That same trend is now clearly evident within the realm of sales coaching. The 2017 Sales Enablement Optimization report by CSO Insights outlined this new reality with a series of surprising statistics: 

  • A casual, random approach to sales coaching is in rapid decline, dropping from 47.5 percent of trainings down to 34.7 percent in the last year. For many years, half of all sales managers handled sales training that way.
  • Instead, companies are increasingly moving to an informal set of sales coaching guidelines, without specifying a formal sales coaching process. Those numbers jumped last year from 25.5 percent of companies up to 35 percent.
  • While informal coaching guidelines are an improvement over directionless coaching, it still can’t pull lower performers up to the average level of win rate for forecasted deals.

The Significance of Dynamic Coaching

The average win rate is just over half of deals: 51.8 percent. Random coaching produces a win rate of 43.6 percent and informal guidelines can improve performance up to 50.9 percent. Better, but the competition still wins. A formal training process can bring a win rate up to 58.8 percent, but the best results come from dynamic sales coaching, which can deliver a 66.1 percent win rate.

Dynamic sales coaching aligns sales coaching with social selling activities and sales enablement tech to reinforce and enhance performance based on the strengths of each sales rep.

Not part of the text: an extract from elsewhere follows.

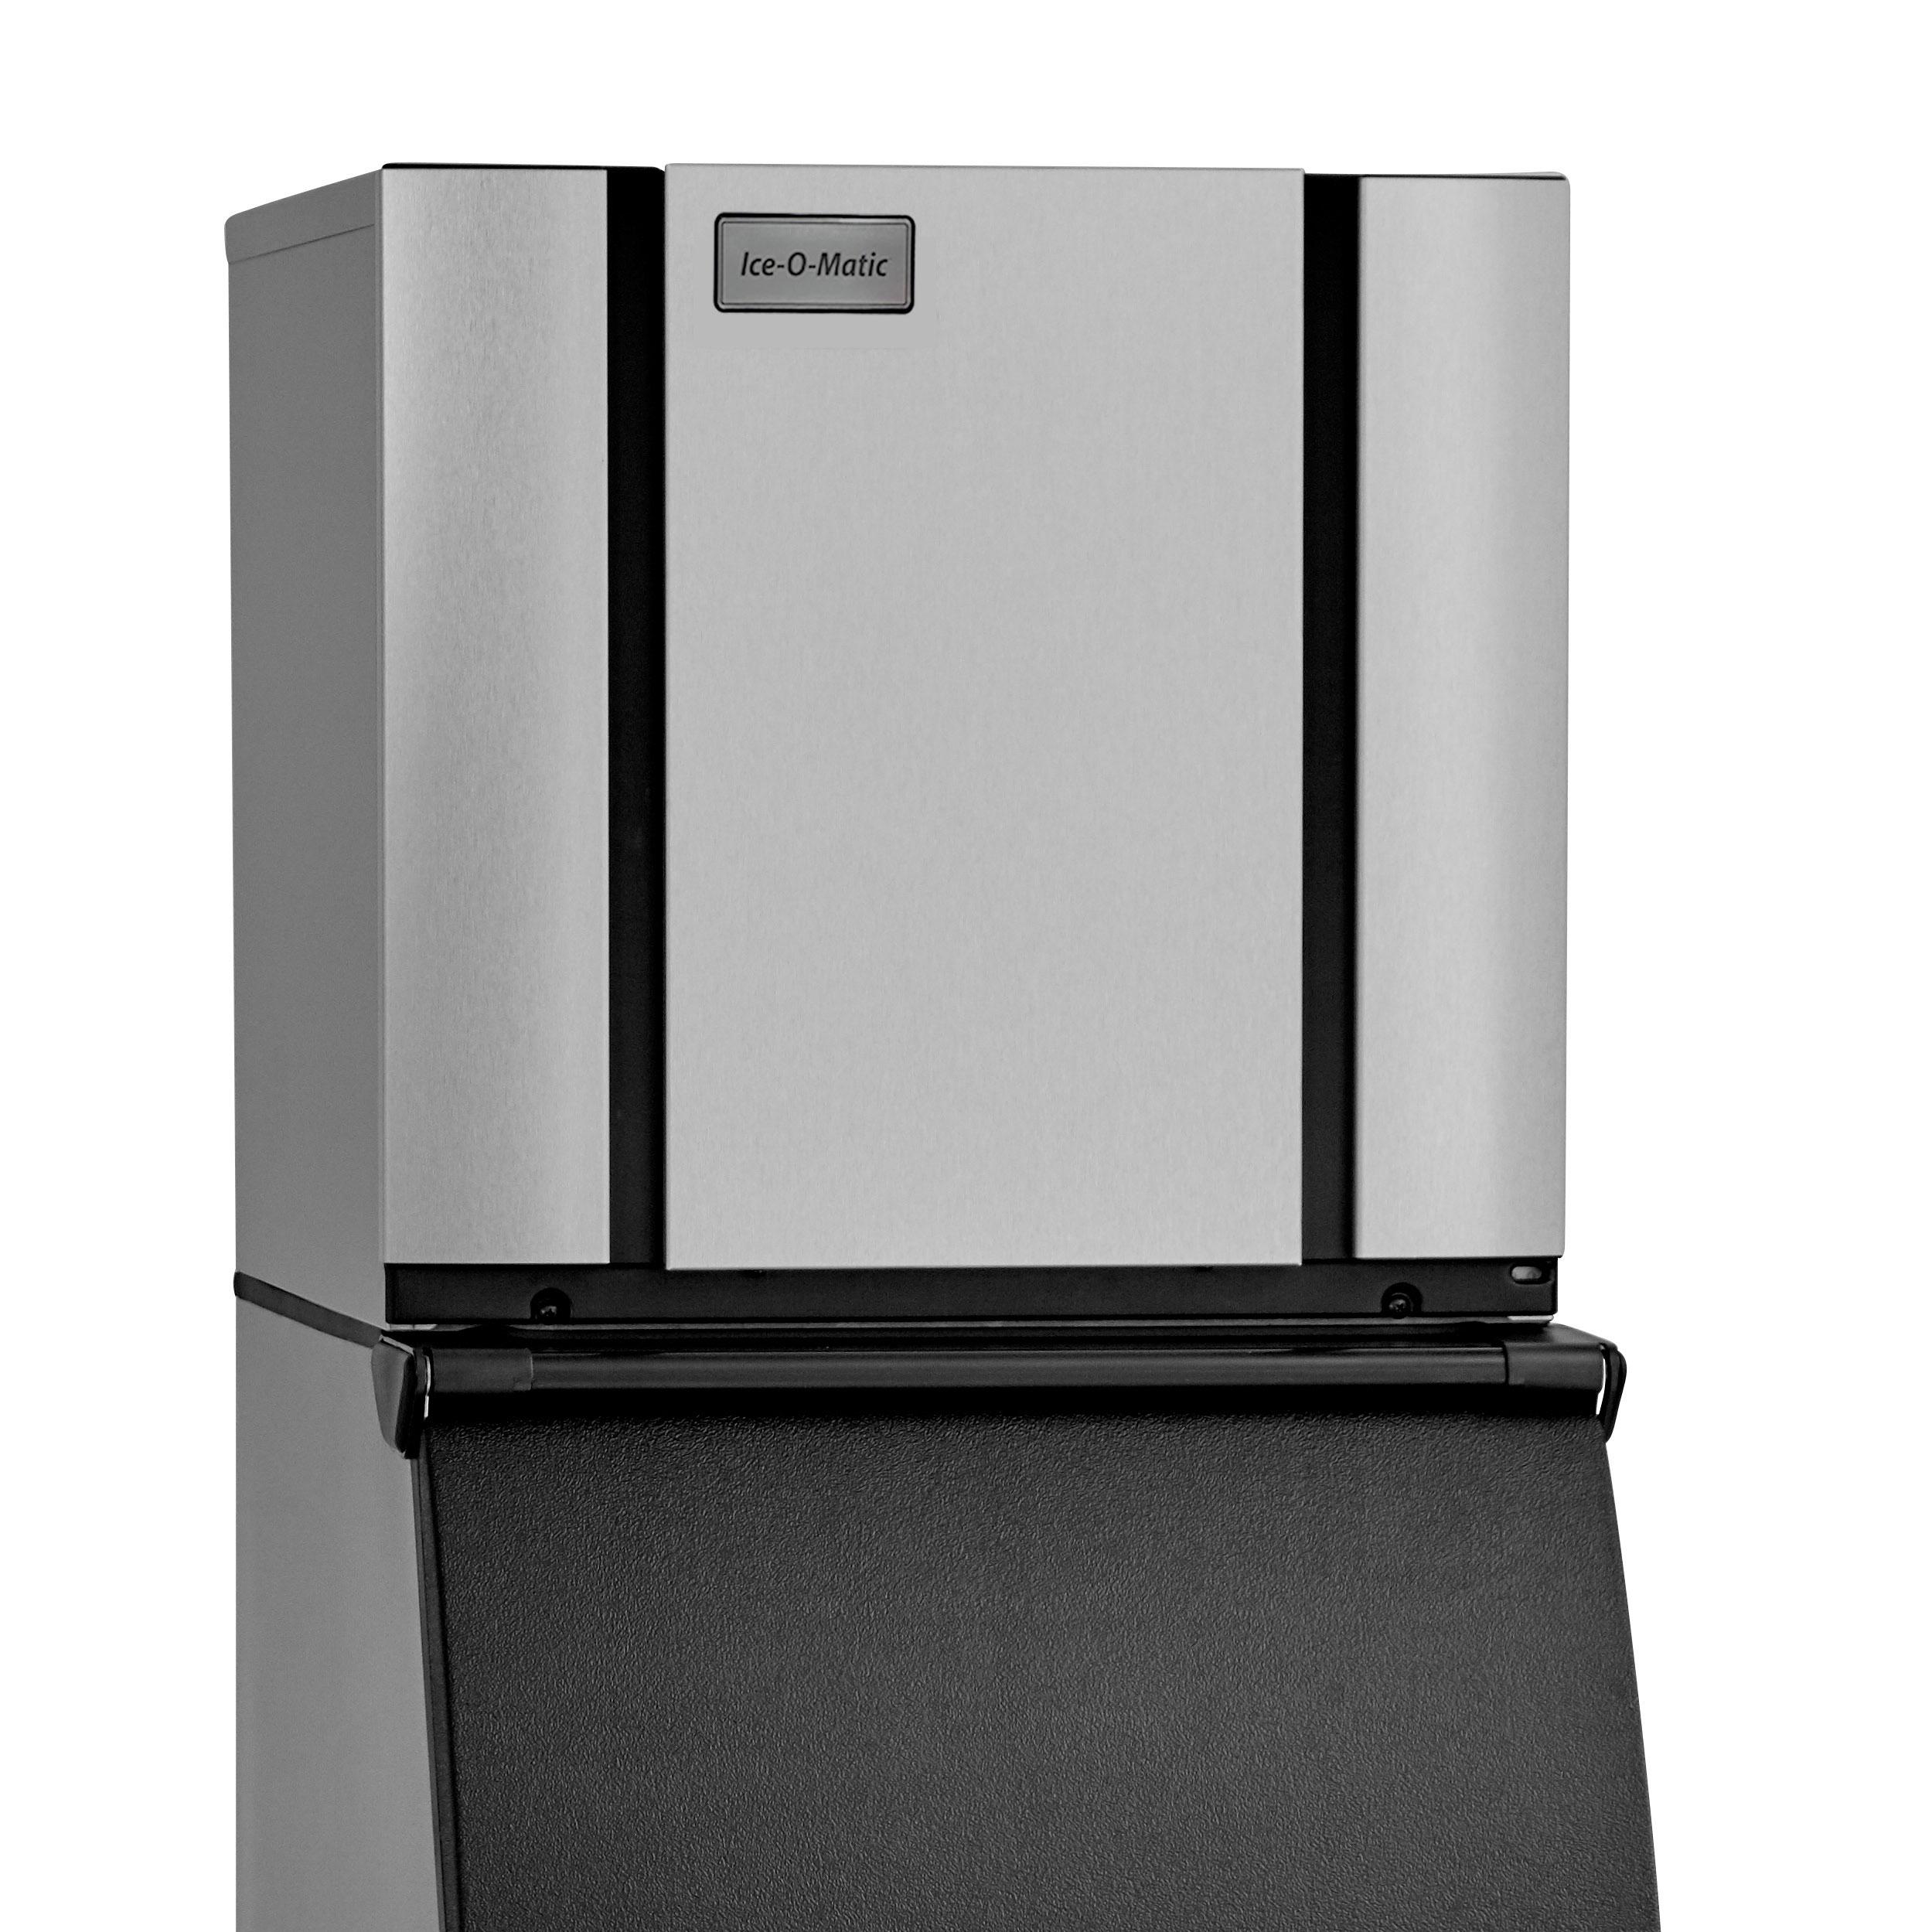 Ice-O-Matic CIM0520HA ice maker, cube-style

 Tamara Schenk, Research Director at CSO Insights, explained why dynamic coaching matters so much, “The good news is that organizations are shifting from random to informal approaches to sales coaching. The bad news is that significant performance improvements can only be achieved with a formal or even dynamic approach to sales coaching. That means that 69.7 percent of organizations don’t leverage the potential to improve their sales performance significantly.”

Correlating Learning to Revenue

That’s true for B2B buyers in every industry. They are more sophisticated about sales techniques than ever before, they are more likely to rely on the advice from close contacts than any sales content they read and they have been trained by consumer customer service standards to expect a much higher level of control over the buying process.

Dynamic coaching has proven more effective because it goes to the heart of how sales reps learn. Each has their own way of assimilating information and each needs a base level of mastery over the material before they begin applying it in the marketplace, where their income depends on what they do.

Our own correlation of learning behavior data to CRM postings revealed that sales reps who were able to finish our sales enablement platform all the way to certification posted measurably better performance. Within six months after certification, sales reps who stuck with the process were responsible for 38 percent more revenue and 55 percent more pipeline than those who didn’t make it all the way through training.

Data-Driven Sales Practices

Those numbers echo sales leader findings by McKinsey on what top-performing sales manager do differently. They reported that top-performing sales leaders built their sales teams using an analytical approach. Unlike the 75 percent of sales managers who rely on their own intuition for hiring, top sales leaders identify intrinsic traits and behaviors associated with strong performance, then create coaching plans to develop the right sales reps.

McKinsey wrote that:

“Many organizations rely on static training methods that tend to focus on a universal set of seller capabilities. Leading organizations shake up that playbook. They are twice as likely as laggards to tailor training by sales role, and nearly half say they spend significant time and money on training, compared with just over one-quarter of underperformers. They are also more likely to invest in technology and processes (e.g., differentiated CRM interfaces) that support the specific needs of different sales-team members. That investment translates into stronger capabilities in all major skills areas.” 

Summary

Dynamic coaching has delivered the most significant performance improvements overall, including a 27.6 percent spread in win rates for deals in the forecast over the more common, random approach to sales coaching. Dynamic coaching is the preferred choice of future-forward sales teams, as it incorporates the functionality of sales enablement tech with social selling techniques into a customer-oriented sales process, tuned to what each individual sales reps needs most.